A branch-and-cut algorithm for the maximum $k$-balanced subgraph of a signed graph: A signed graph is $k$-balanced if its vertex set can be partitioned into at most $k$ sets in such a way that positive edges are found only within the sets and negative edges go between sets. The maximum $k$-balanced subgraph problem is the problem of finding a subgraph of G that is $k$-balanced and maximum according to the number of vertices. This problem has applications in clustering problems appearing in collaborative vs conflicting environments. We provide a representatives formulation for the problem and present a partial description of the associated polytope, including the introduction of strengthening families of valid inequalities. A branch-and-cut algorithm is described for finding an optimal solution to the problem. An ILS metaheuristic is implemented for providing primal bounds for this exact method and a branching rule strategy is proposed for the representatives formulation.

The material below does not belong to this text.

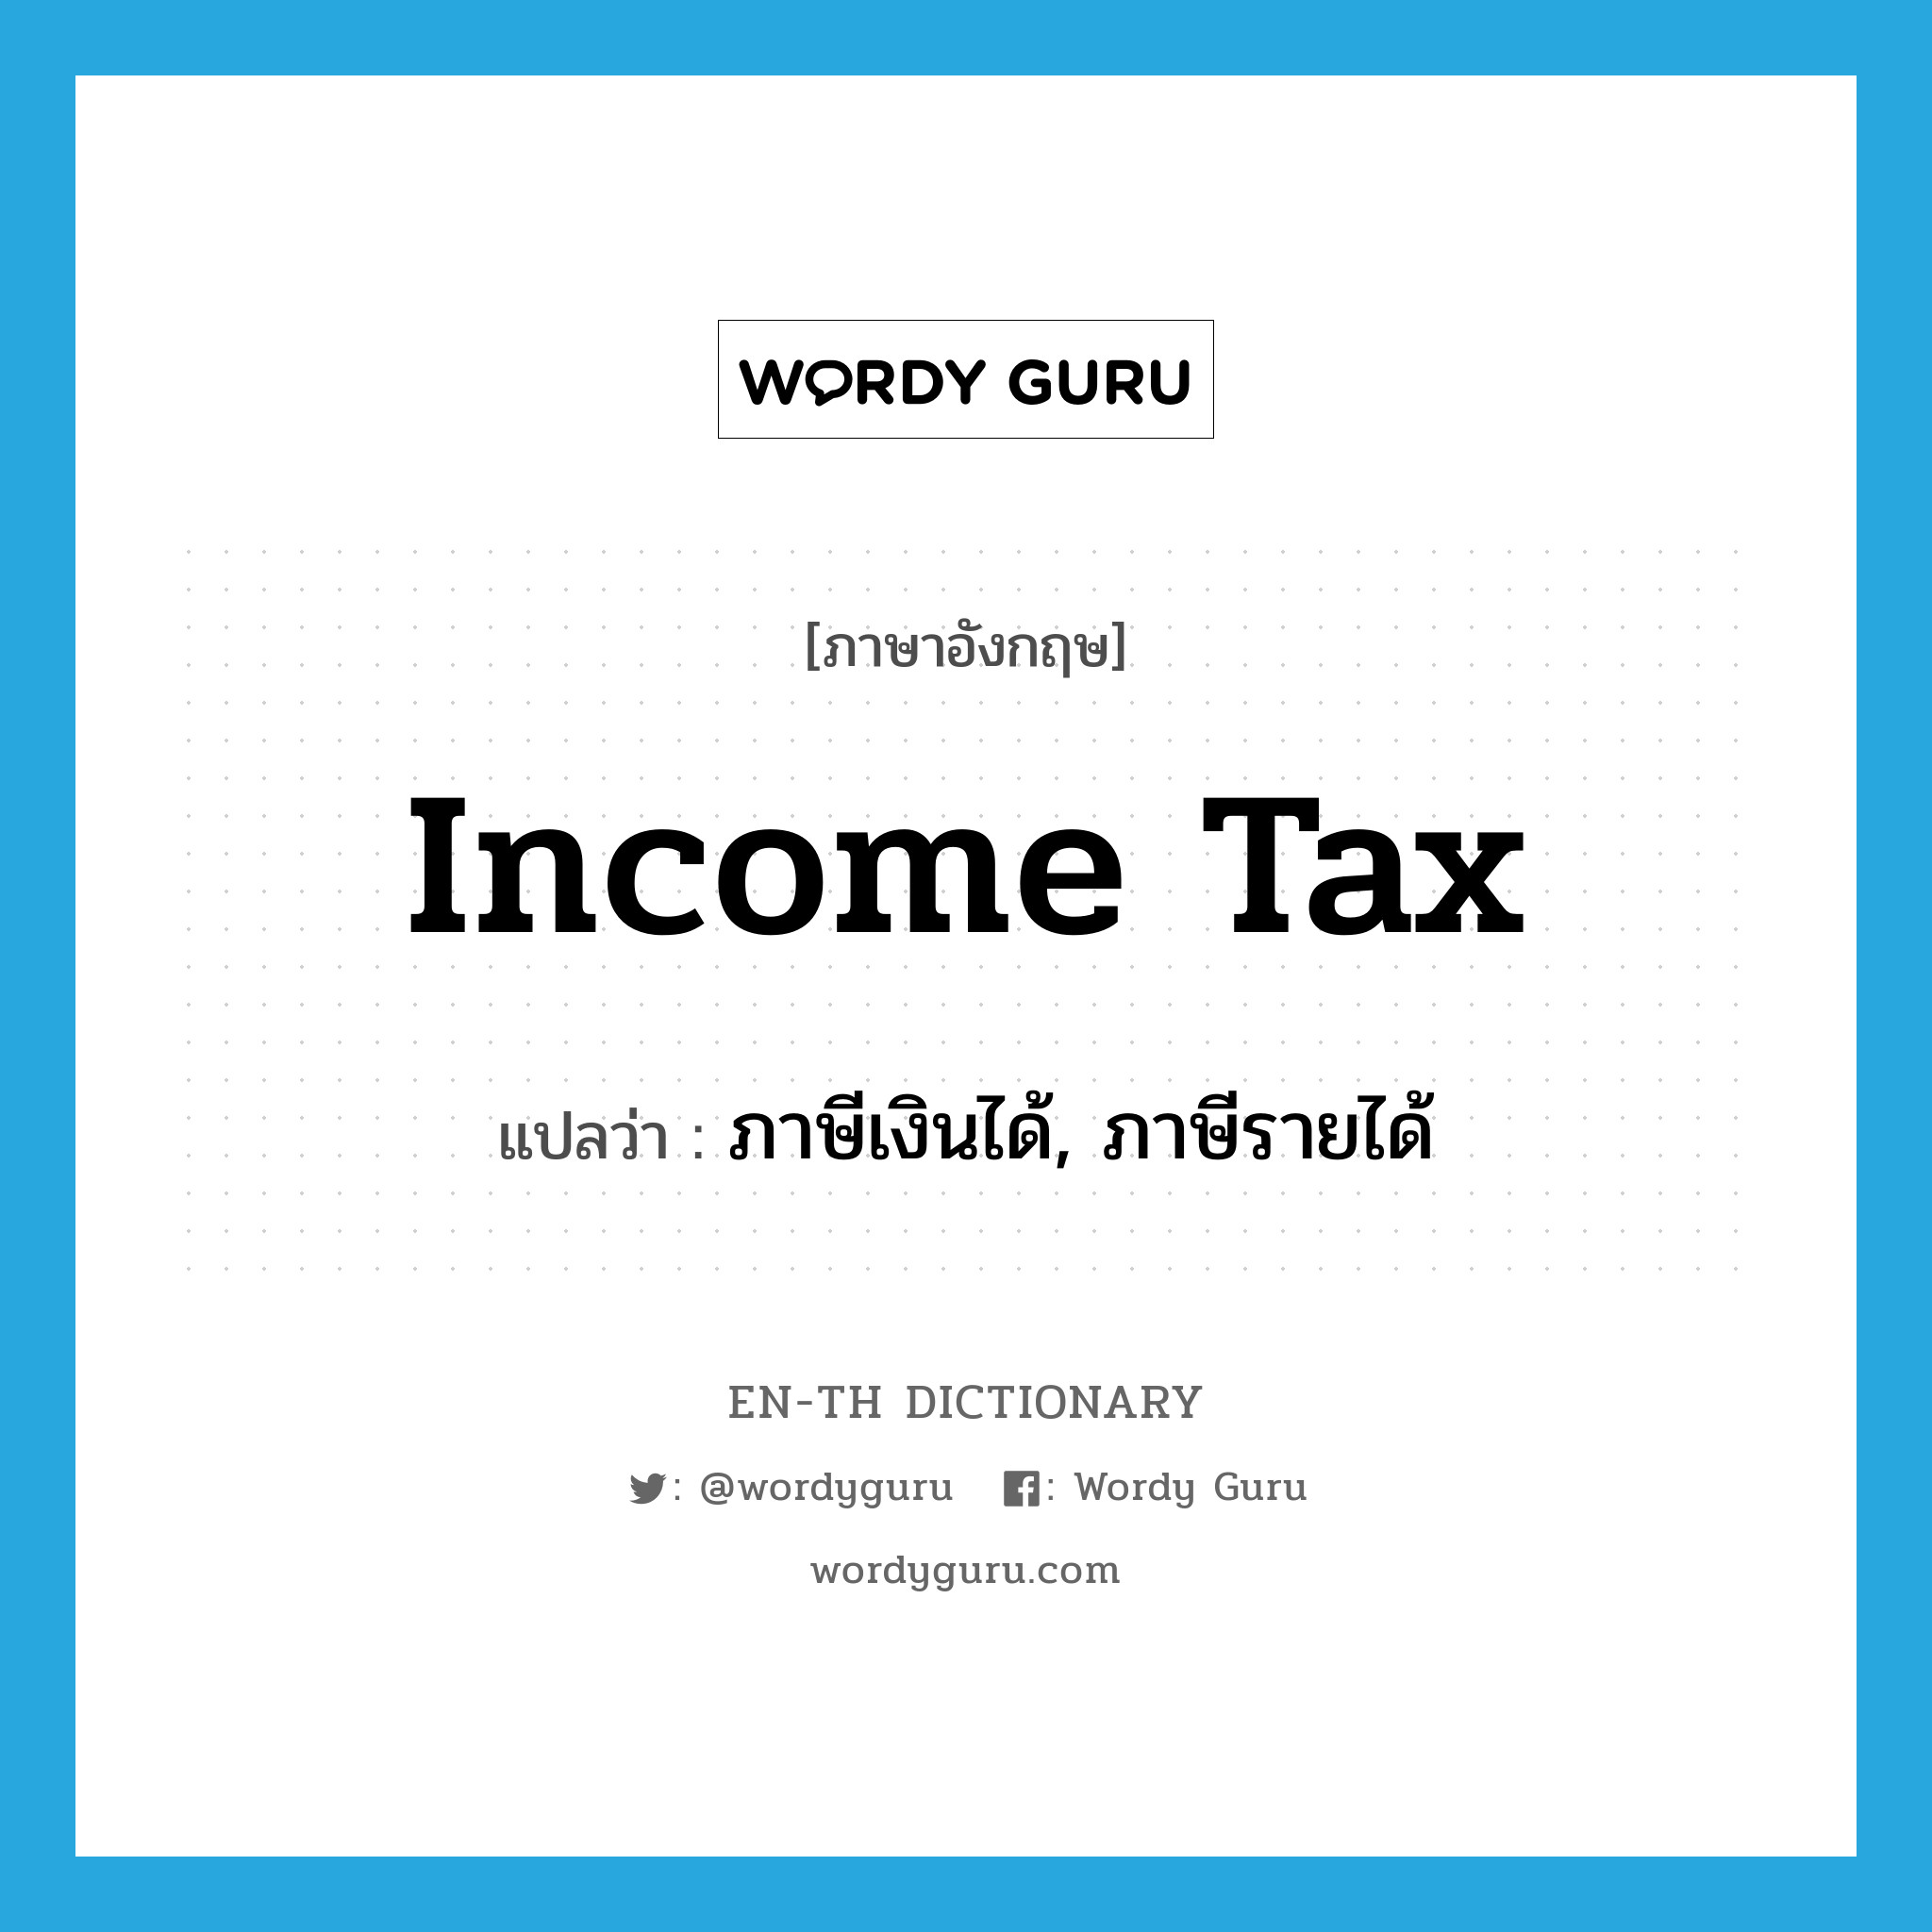 ภาษีเงินได้, ภาษีรายได้ ภาษาอังกฤษ?, คำศัพท์ภาษาอังกฤษ ภาษีเงินได้, ภาษีรายได้ แปลว่า income tax ประเภท N หมวด N

Computational experiments, carried out over a set of random instances and on a set of instances from an application, show the effectiveness of the valid inequalities and strategies adopted in this work [22].

Feature selection in support vector machine: This work focuses on support vector machine (SVM) with feature selection. A MILP formulation is proposed for the problem. The choice of suitable features to construct the separating hyperplanes has been modelled in this formulation by including a budget constraint that sets in advance a limit on the number of features to be used in the classification process. We propose both an exact and a heuristic procedure to solve this formulation in an efficient way. Finally, the validation of the model is done by checking it with some well-known data sets and comparing it with classical classification methods [25].